-- What the task asks --
Your output should match the listing below word for word, without any images.
──────── Source material ────────
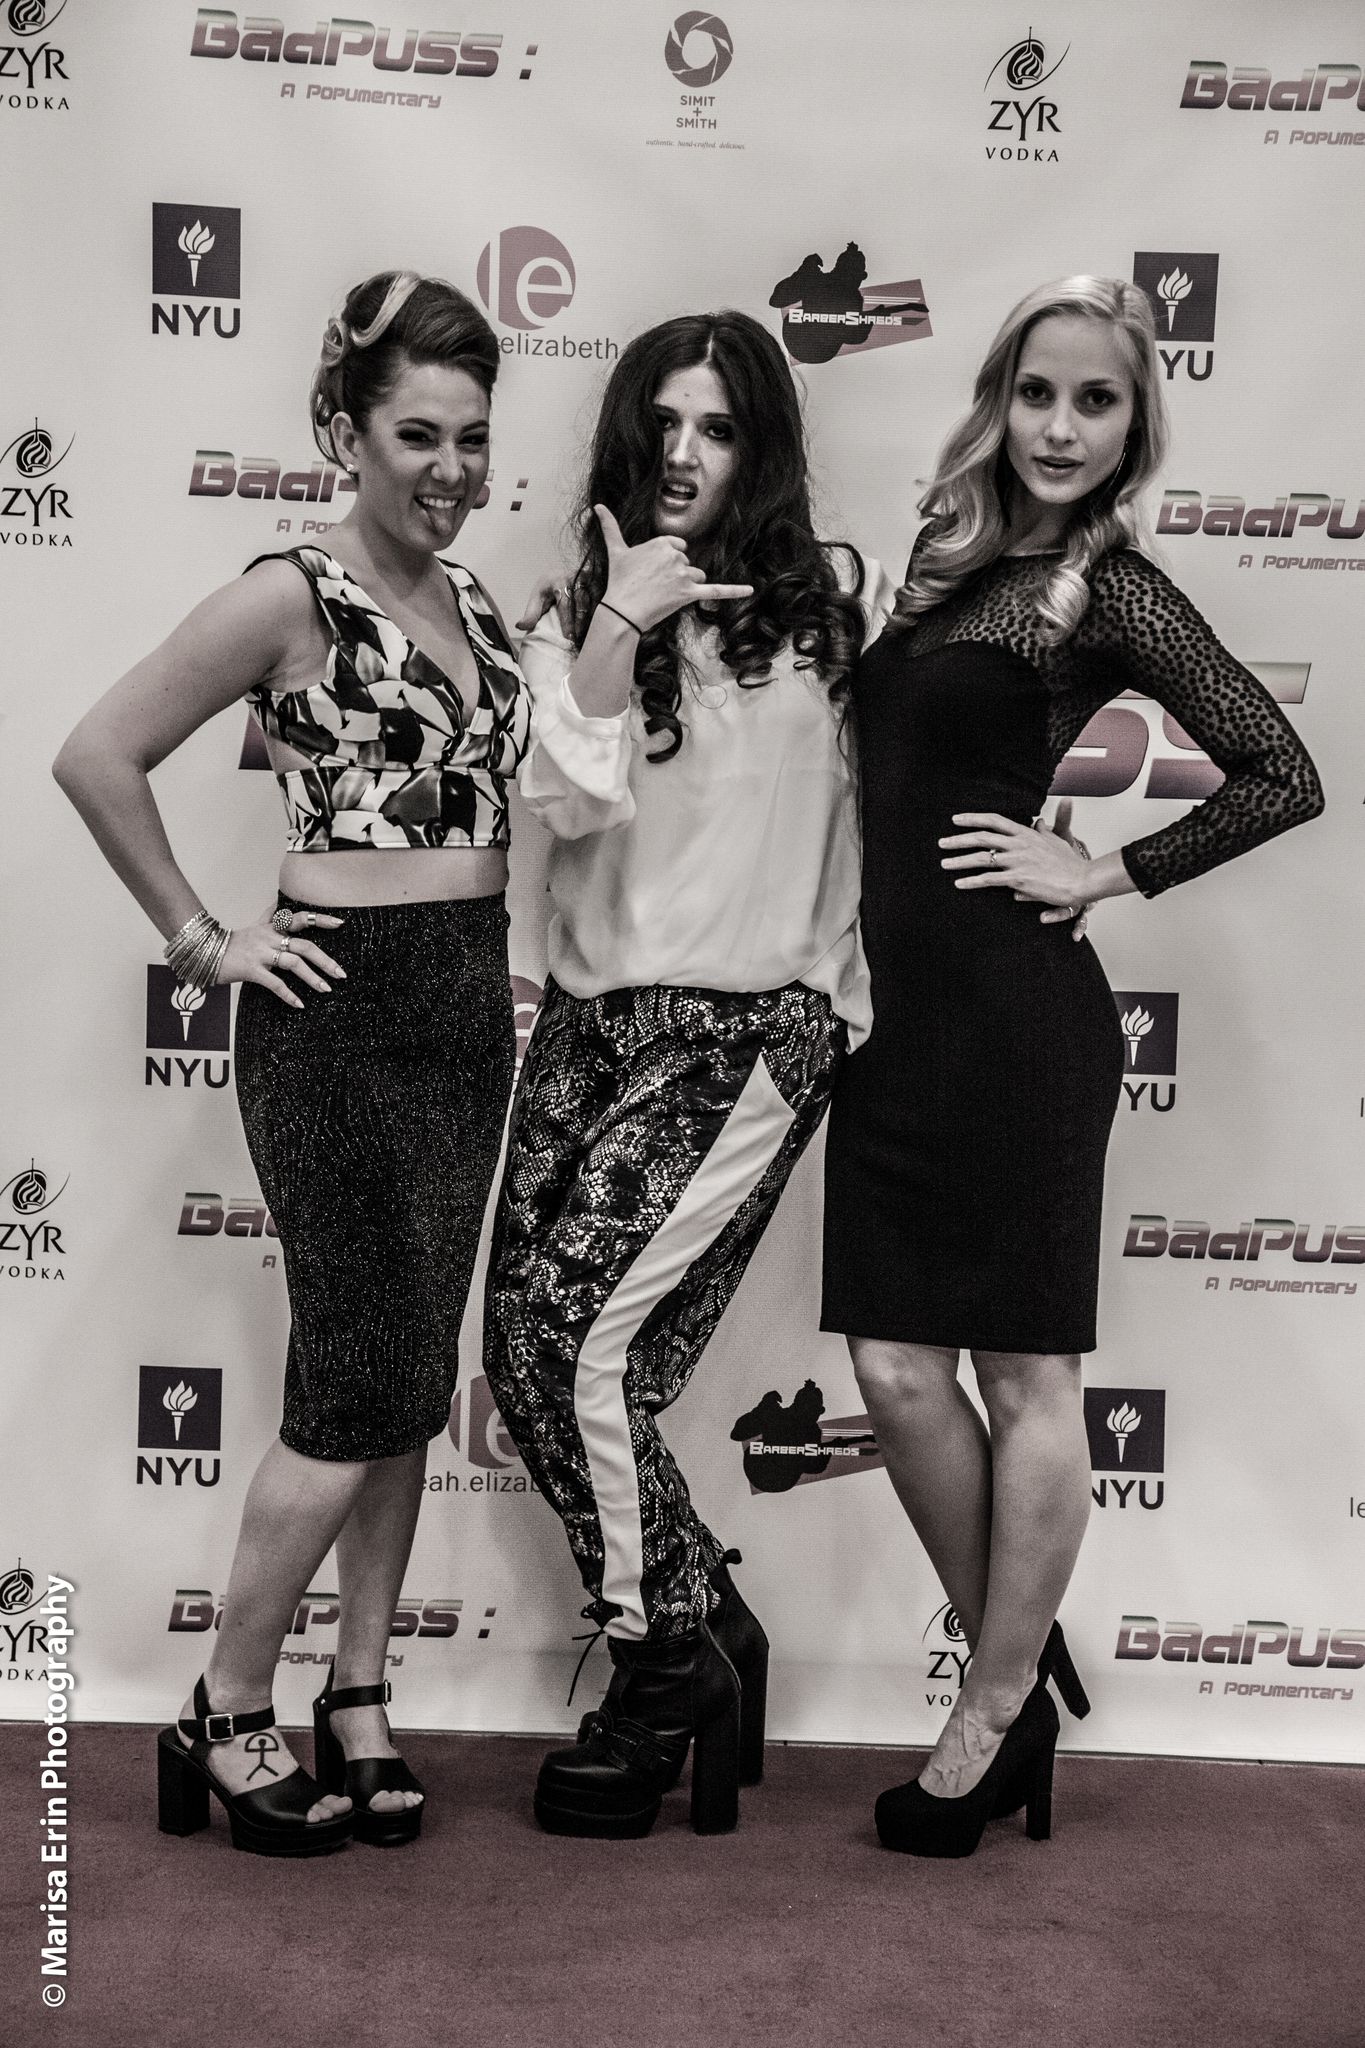 Leah Elizabeth Rucinski, Emily Wiest and Hannah Sorenson celebrating at the World Premier of BadPuss: A Popumentary.
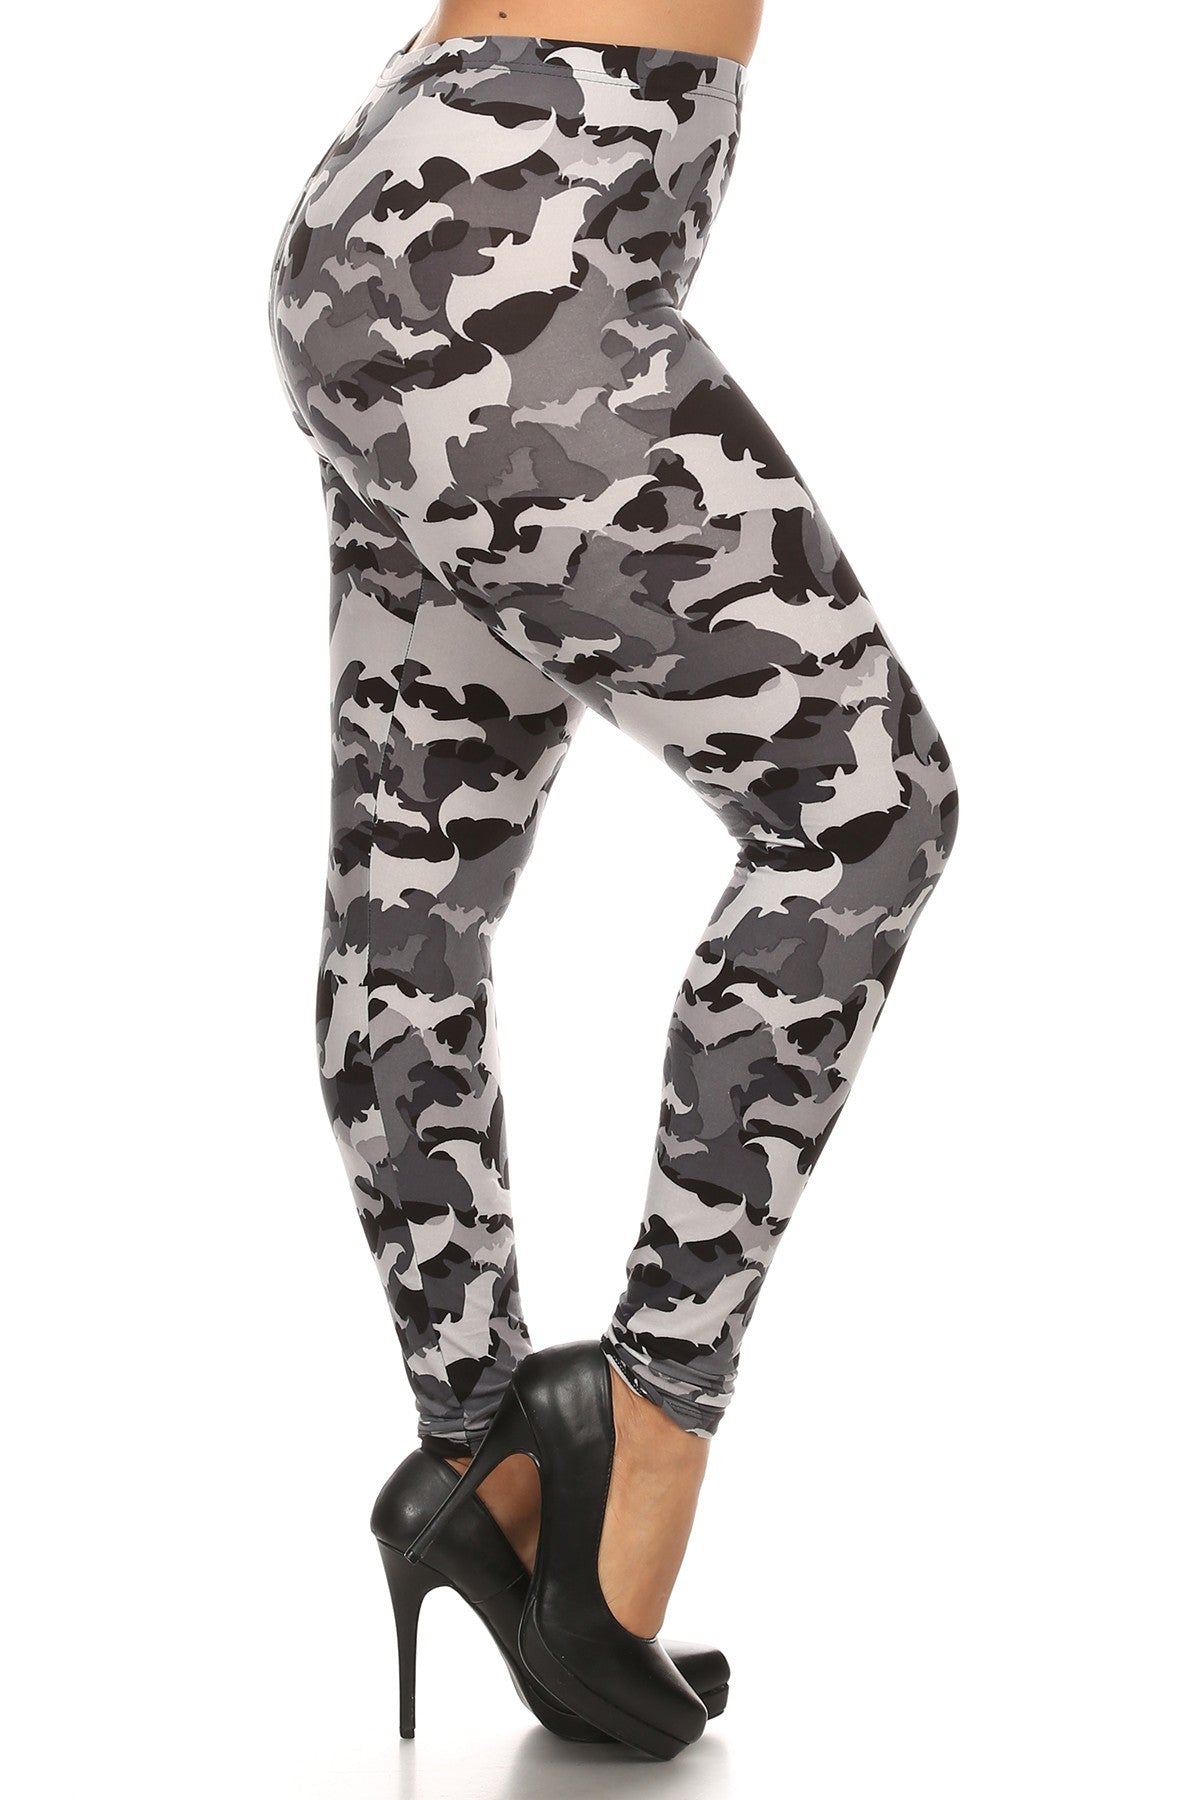 Plus Size Print, Full Length Leggings In A Slim Fitting Style With A Banded High Waist. - LOLA LUXE
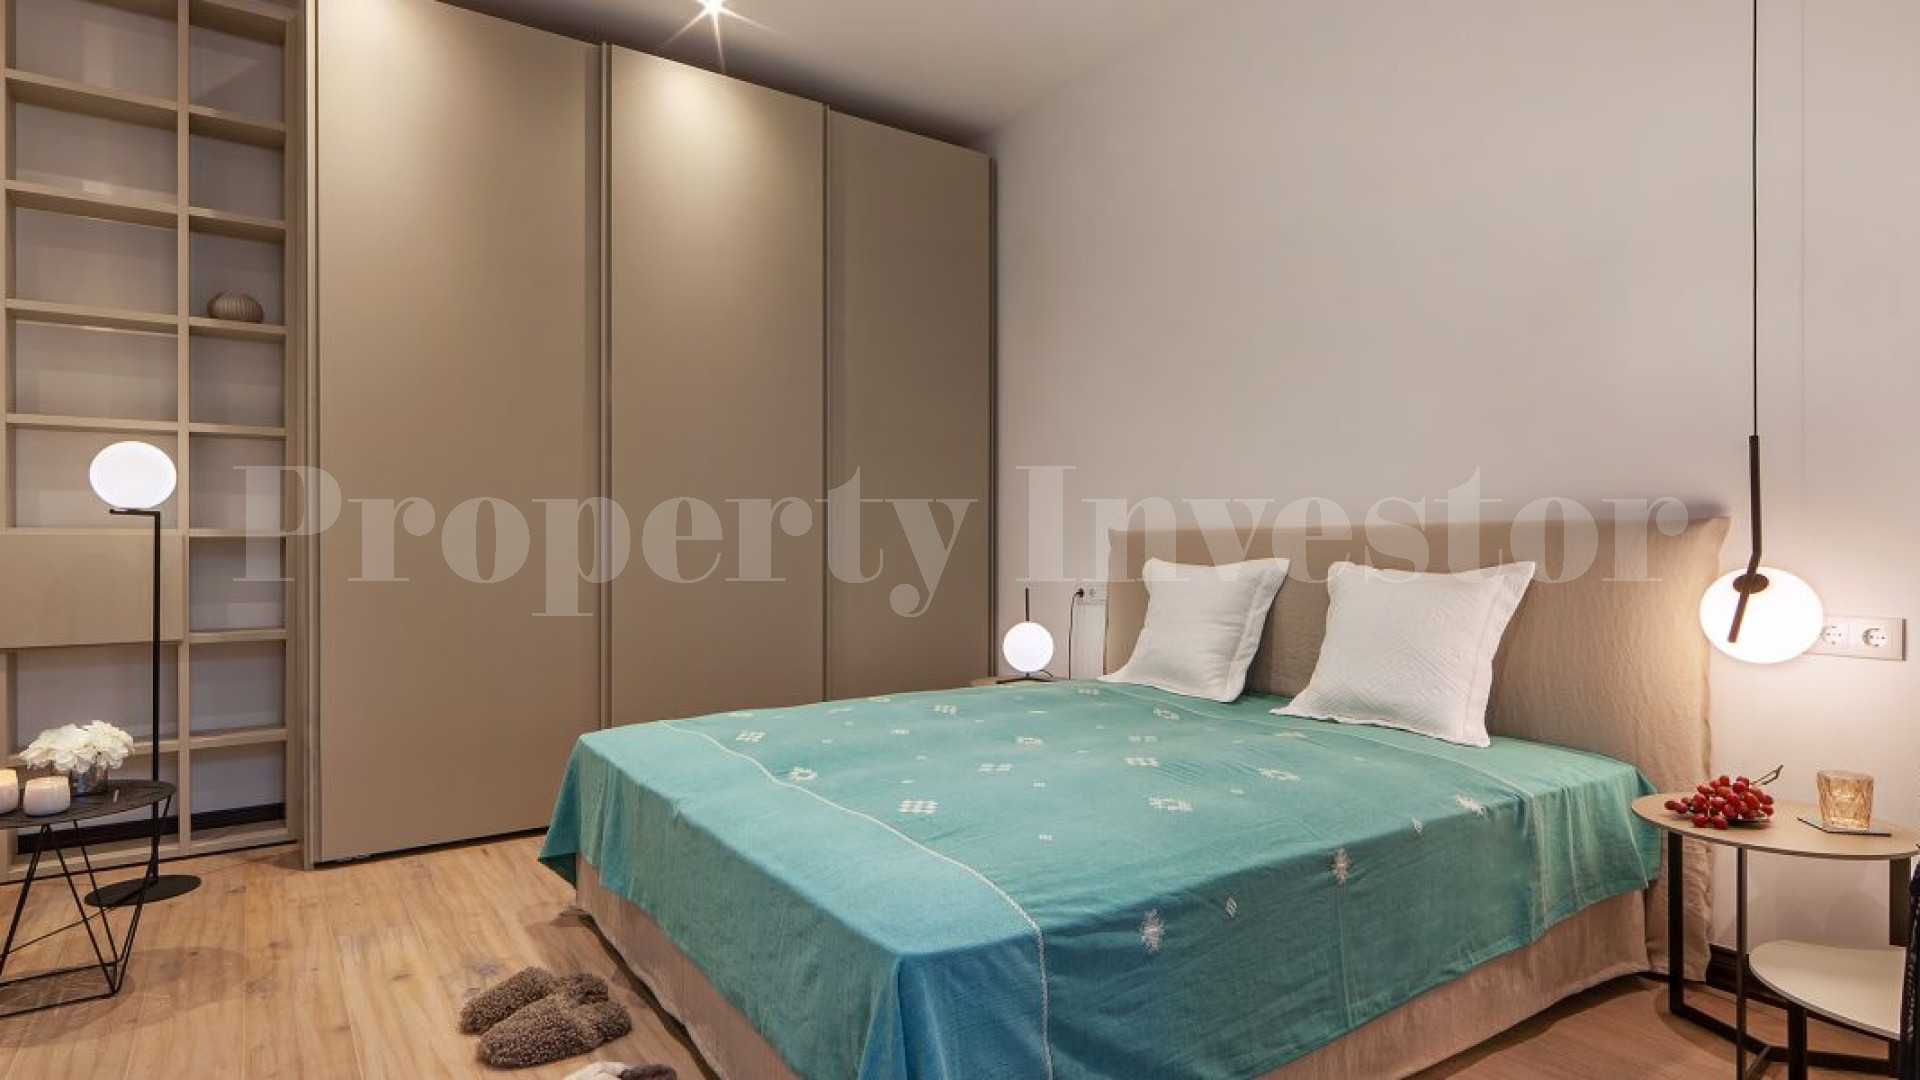 Luxurious 3 Bedroom Apartment in the Best location in Palma de Mallorca
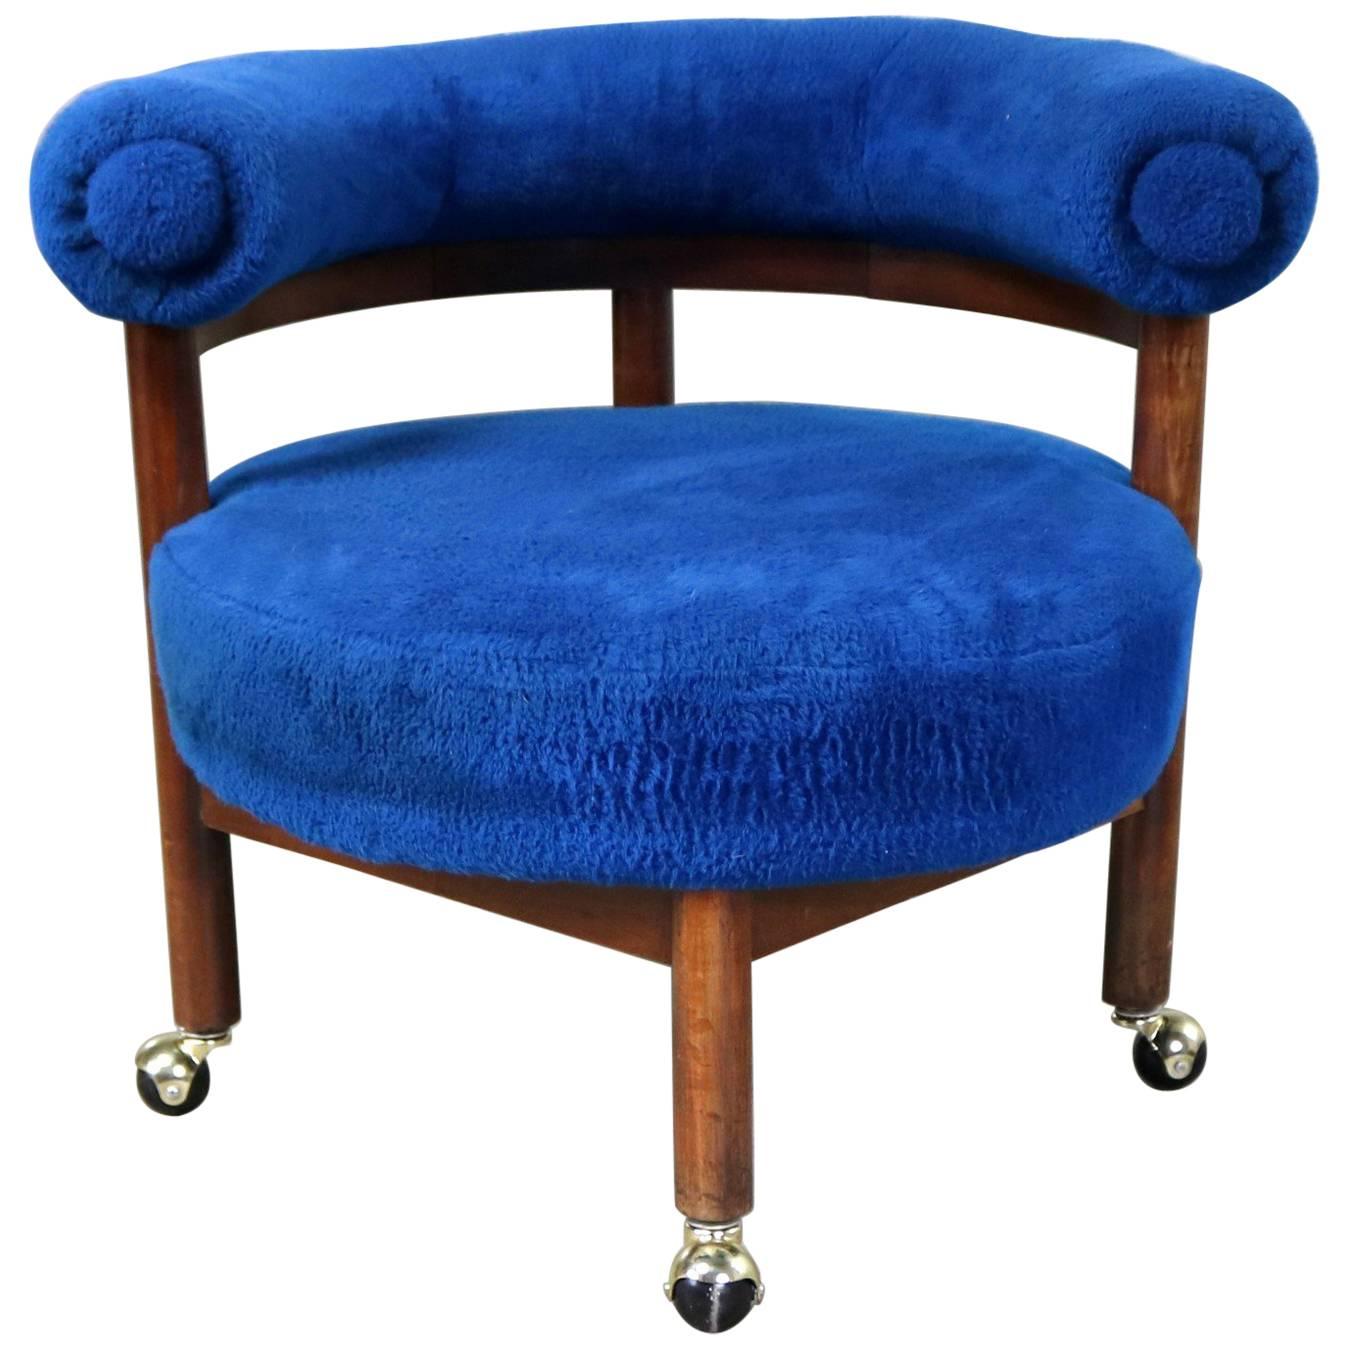 Royal Blue Round Corner Chair with Bolster Back on Casters Midcentury
────────
-- Answer to this exercise --
 Leah Elizabeth Rucinski, Emily Wiest and Hannah Sorenson celebrating at the World Premier of BadPuss: A Popumentary.
 Plus Size Print, Full Length Leggings In A Slim Fitting Style With A Banded High Waist. - LOLA LUXE
 Luxurious 3 Bedroom Apartment in the Best location in Palma de Mallorca
 Royal Blue Round Corner Chair with Bolster Back on Casters Midcentury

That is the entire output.